Coricelli inaugure sa nouvelle usine à Spoleto

Un investissement de plus de 13 millions d'euros au service de l'innovation, du développement durable et de l'avenir de la filière oléicole italienne.

La nouvelle usine de production de Pietro Coricelli a été inaugurée vendredi 3 juillet. Cet investissement stratégique marque une nouvelle phase de croissance pour cette entreprise historique de production d’huile d’olive ombrienne et confirme son engagement en faveur de l’innovation, de la durabilité et du développement dans le secteur de l’huile d’olive extra vierge. Cette journée a réuni des institutions, des représentants du monde agricole et des entreprises lors d’un moment d’échange consacré à l’avenir de la filière agroalimentaire italienne.

C’est Chiara Coricelli, présidente et directrice générale de Pietro Coricelli, qui a accueilli les invités.
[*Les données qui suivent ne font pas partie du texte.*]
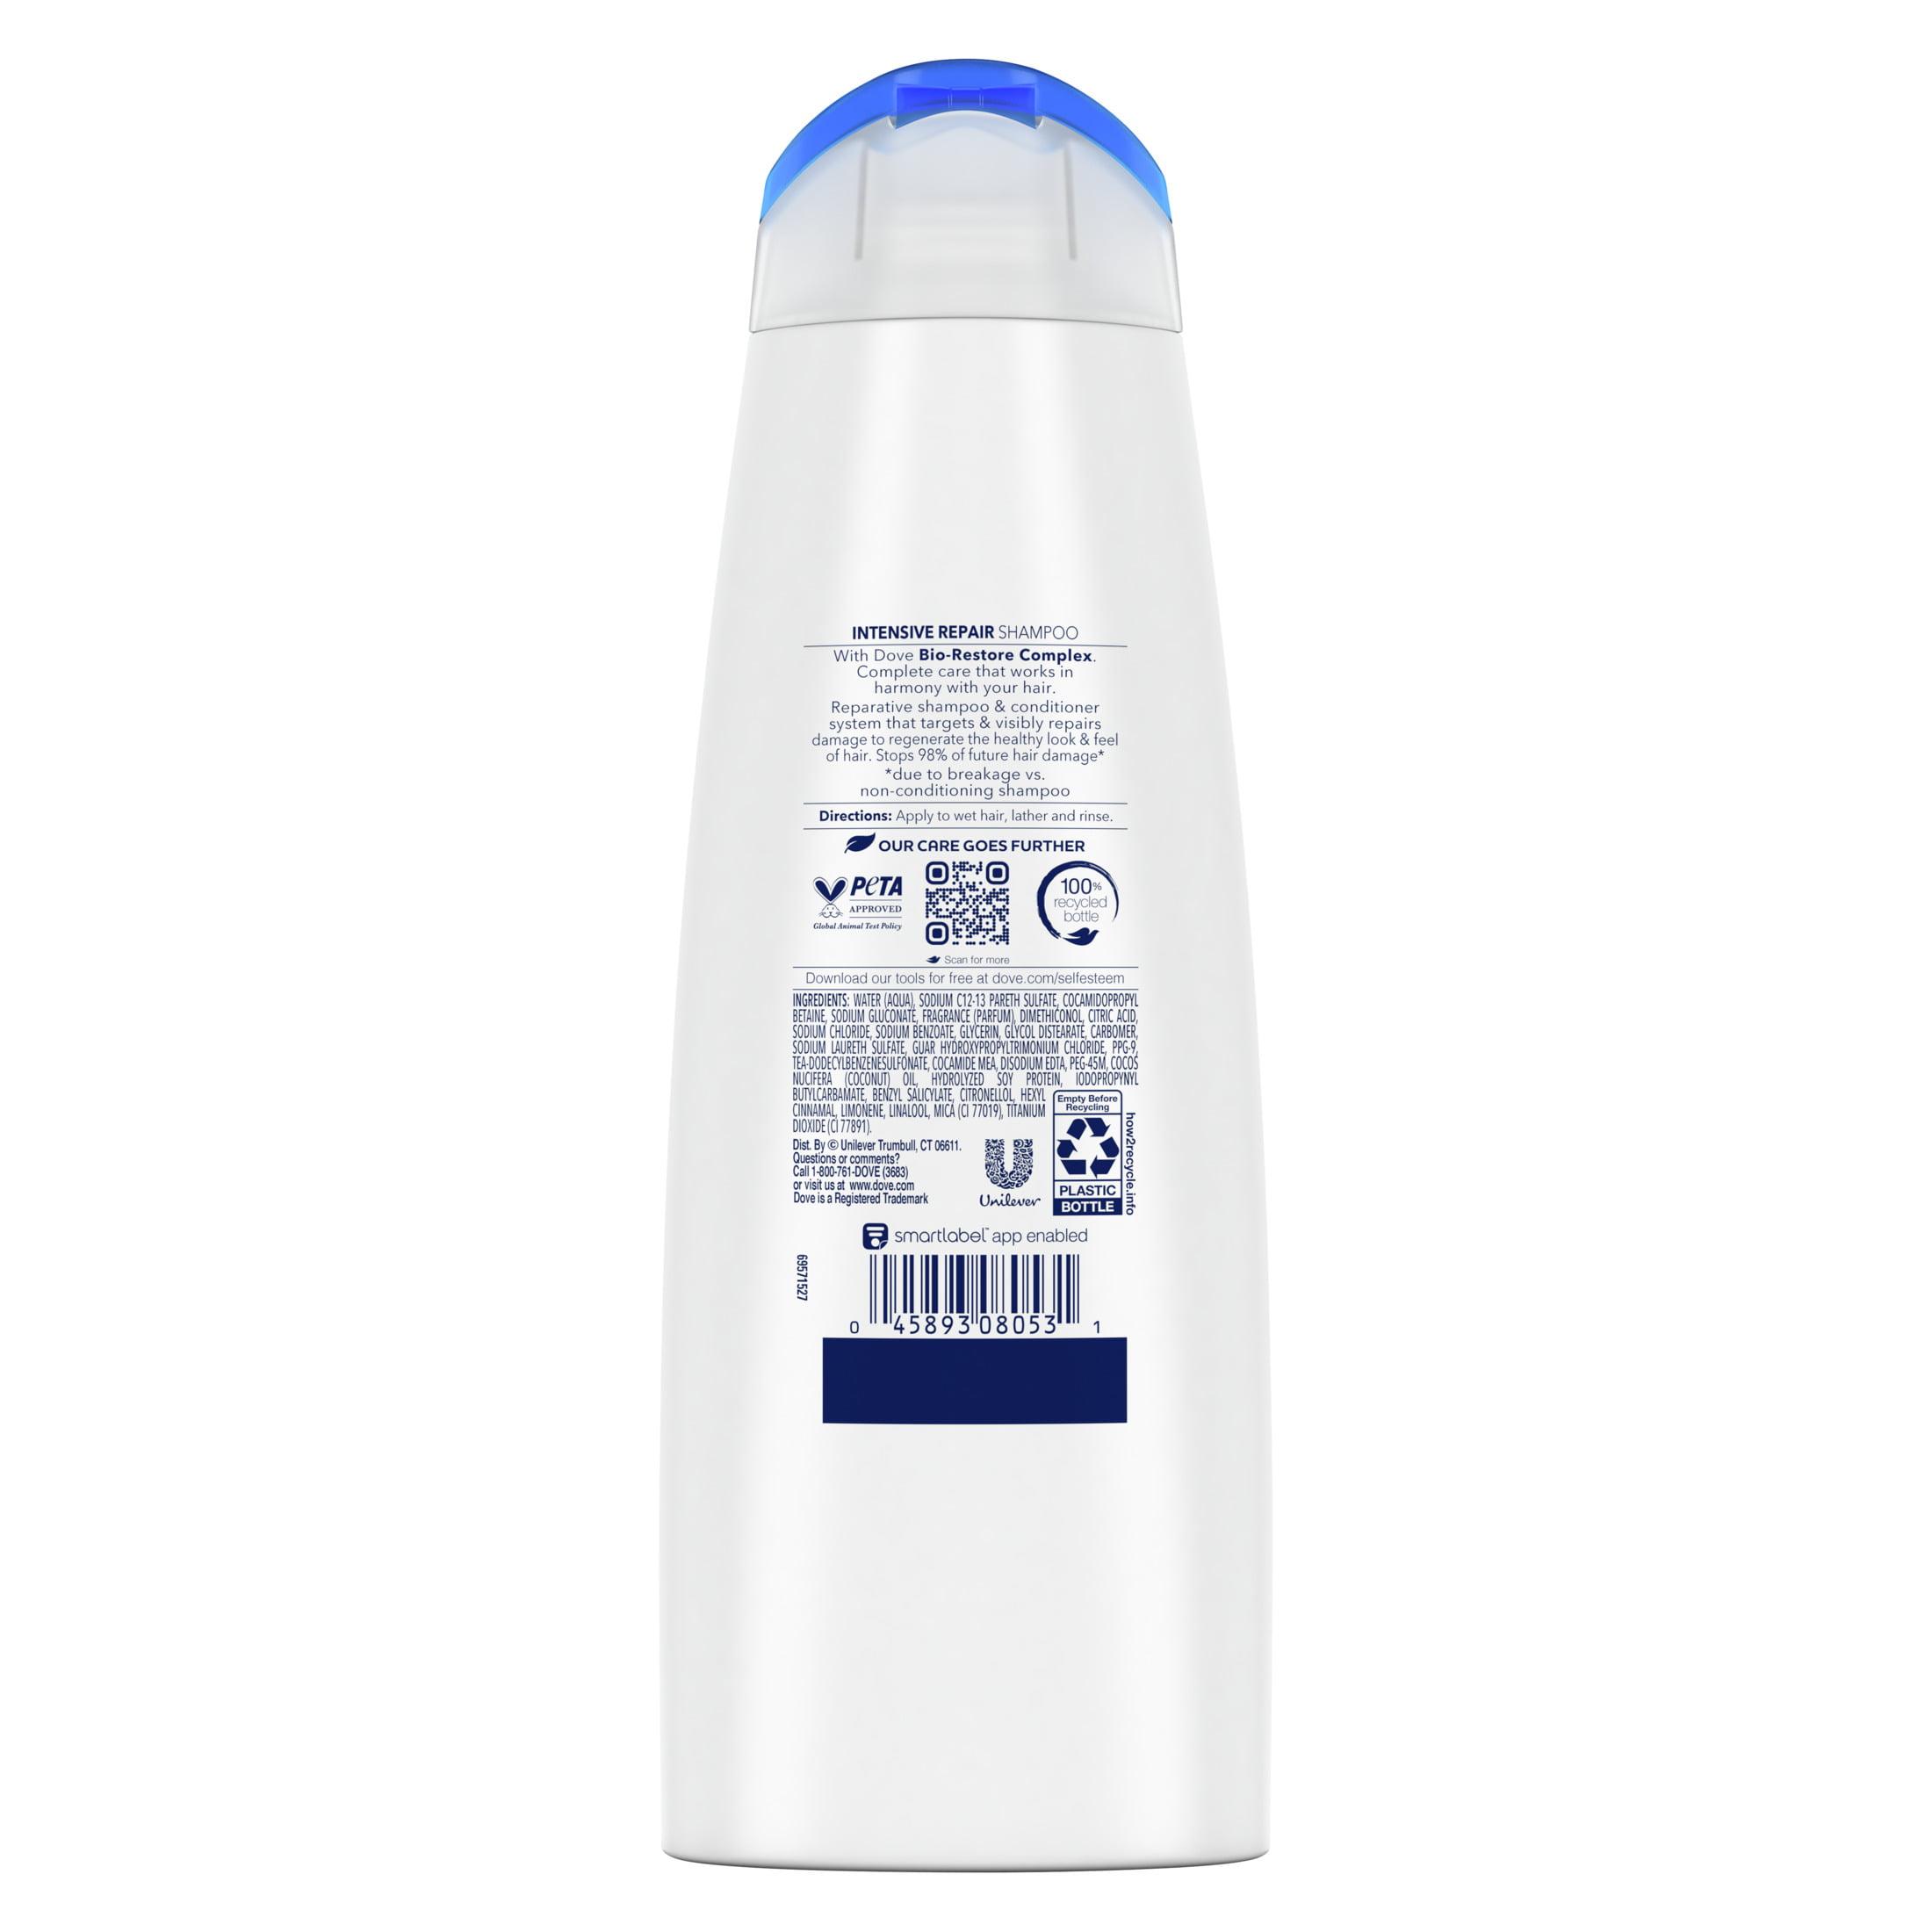 Dove Ultra Care Nourishing Intensive Repair Daily Shampoo for Damaged Hair, 12 fl oz - image 5 of 11

L’inauguration s’est déroulée en présence du sénateur Patrizio Giacomo La Pietra, sous-secrétaire d’État au ministère de l’Agriculture, de la Souveraineté alimentaire et des Forêts ; de Luigi Scordamaglia, directeur général de Filiera Italia; Salvatore Caiata, député de la République et président de la délégation italienne auprès de l’Assemblée parlementaire de l’Initiative centre-européenne. Des représentants des institutions régionales et municipales ont également pris part à cette journée, confirmant ainsi l’intérêt que porte le territoire au parcours de croissance de l’entreprise.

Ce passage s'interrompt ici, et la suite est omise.